I spent years building climate-adaptation products, watching satellite-derived flood data integrate into insurance workflows. The science was sound. The imagery was accurate. And the moment the data crossed into a damage estimate or a risk score, the assumptions underneath it were no longer ours to control, no longer visible to the end user, and no longer traceable back to the physical observation that started the chain.

This is not a new pattern if you come from atmospheric physics. Compounding uncertainty is how climate science has always worked: you feed starting conditions into a model, and at every step the range of possible outcomes expands. The discipline has spent decades developing rigorous frameworks for tracking and communicating that expansion, from running dozens of models in parallel to see where they agree and disagree, to reporting confidence ranges alongside every result. The financial translation chain reproduces the same pattern of compounding uncertainty, but without any framework for tracking it. In climate science, you are trained to carry your uncertainty forward and report it alongside your result. In financial risk products, the uncertainty is stripped out at each layer, and the result is delivered as a single number. The compounding still happens. It just becomes invisible.

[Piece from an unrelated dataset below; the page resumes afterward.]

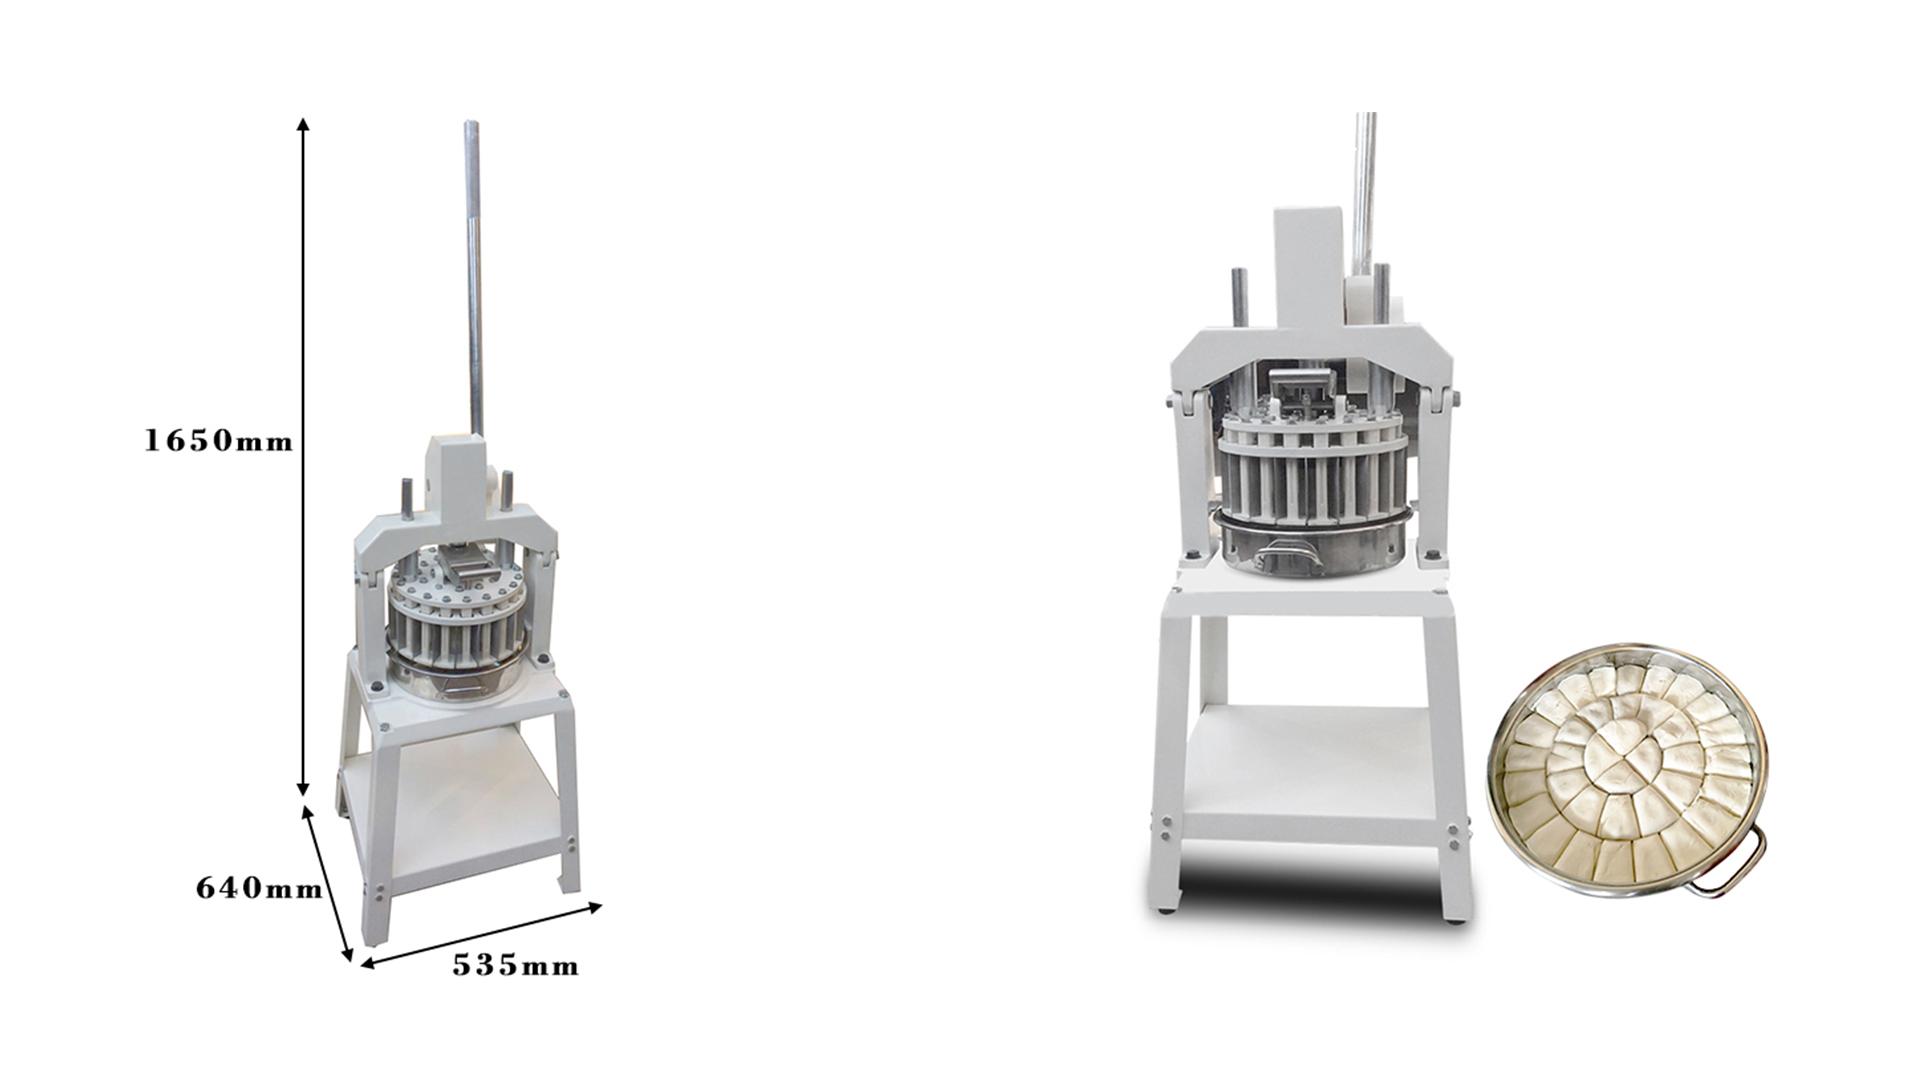 36 PCS Professional Cutting Bakery Machine Manual Dough Divider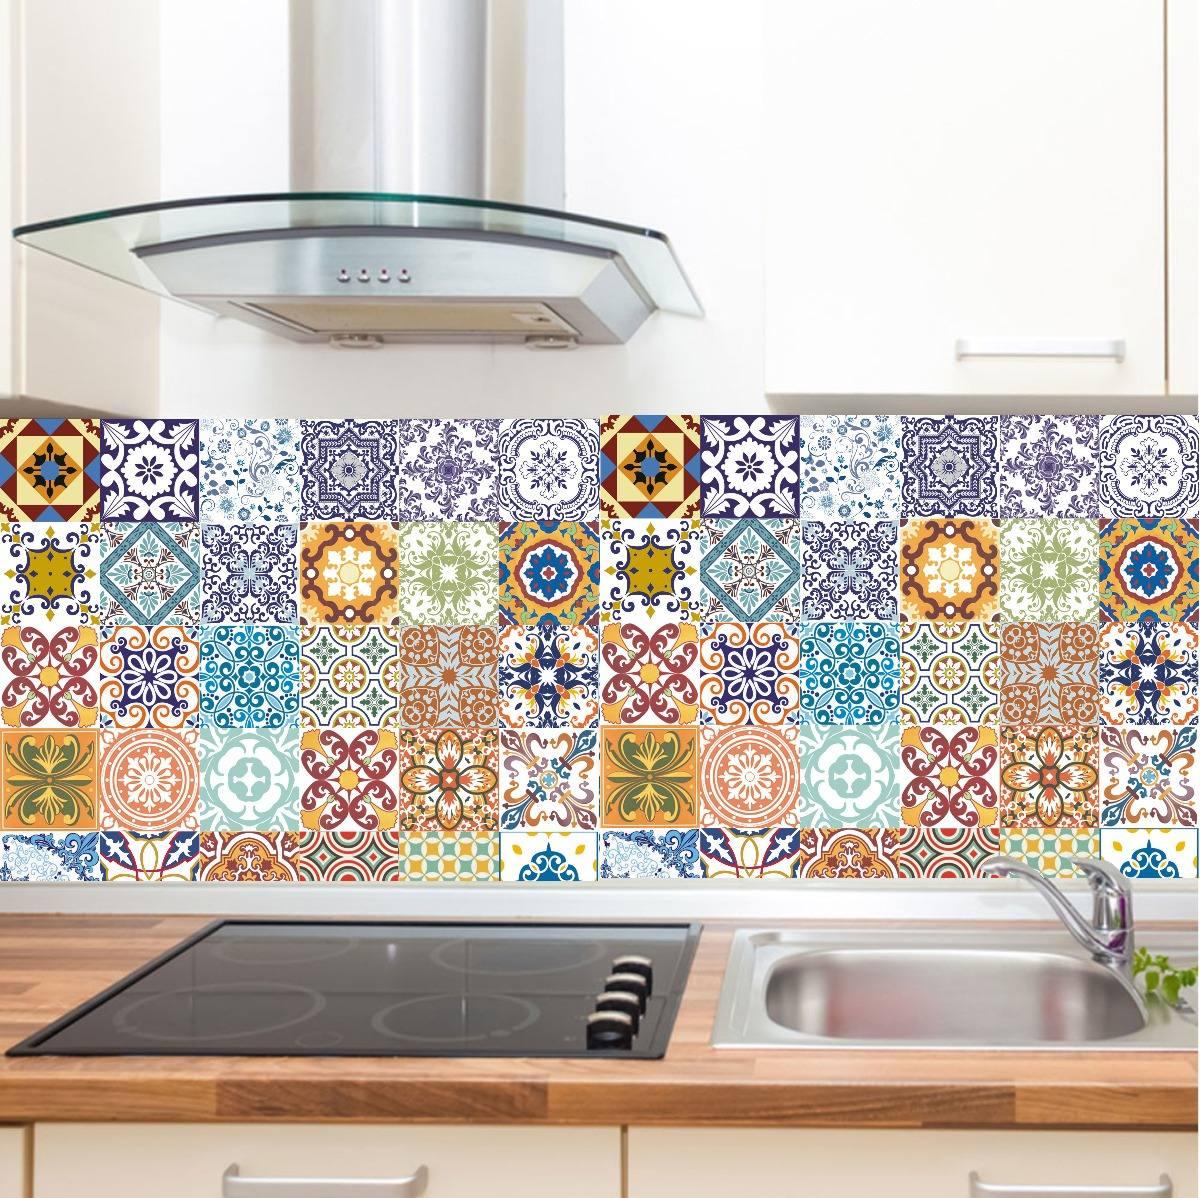 Aparador Kd Moveis ~ Adesivo Azulejo Ladrílho Hidráulico Retro Cozinha R$ 24

CMIP7, the next generation of coordinated global climate modelling, is arriving. First model data began flowing from research centres in 2025, designed in part to feed the next round of international climate assessment (IPCC AR7, expected from 2028). The improvements are real: 60 groups of variables explicitly designed for impact modelling, better data on what happens within a single day (critical for modelling storms and heatwaves), a stronger push toward correcting known model biases from the design stage, new scenarios that explore what happens if temperatures temporarily overshoot targets before coming back down (relevant for financial stress testing), and 13 application areas covering energy, agriculture, water, health and finance. All of which improves the first layer of a six-layer chain, while leaving the other five untouched.

Standard model resolution remains at approximately 100 km. The process of translating that into local detail remains external and takes years. Damage functions remain, in Pindyck’s phrase, “made up.” Hazard models remain proprietary and are rarely compared. Location databases remain fragmented. Financial aggregation methods remain provider-specific. None of these is within CMIP7’s scope, and none were within CMIP6’s scope either.

The Ruane et al. paper laying out what CMIP7 aims to deliver for impact and adaptation users is explicit about the limits: the flow from global climate model outputs to real-world adaptation decisions is complex, non-linear, and full of places where information enters or exits the pipeline. Some users skip steps entirely. Others rely on simplified, computationally cheaper substitutes for full climate models. The pipeline is not a closed system, and improving one end does not automatically improve the other.

Bingler et al. demonstrated this for the risk of transitioning to a low-carbon economy: the methodology adopted by a provider affects the estimated risk value more than the chosen climate scenario. The same logic applies to physical risk. Two providers can use the same climate model and the same emissions pathway and still produce materially different financial loss estimates because they differ in how they translate global projections into local detail, which flood model they use, which damage tables they apply, or which location database they rely on.

What getting this wrong costs

The translation chain’s failures are not academic. Swiss Re’s Resilience Index shows that only 25.7% of global natural catastrophe exposure is protected by insurance. Three-quarters are unprotected. The gap between what is insured and what would need to be insured to fully cover the risk reached $1.83 trillion in 2023. Economic losses from natural disasters hit $318 billion in 2024, with only 43% covered by insurance. This was the fifth consecutive year insured losses exceeded $100 billion (2025 made it six), growing at 5 to 7% annually in real terms.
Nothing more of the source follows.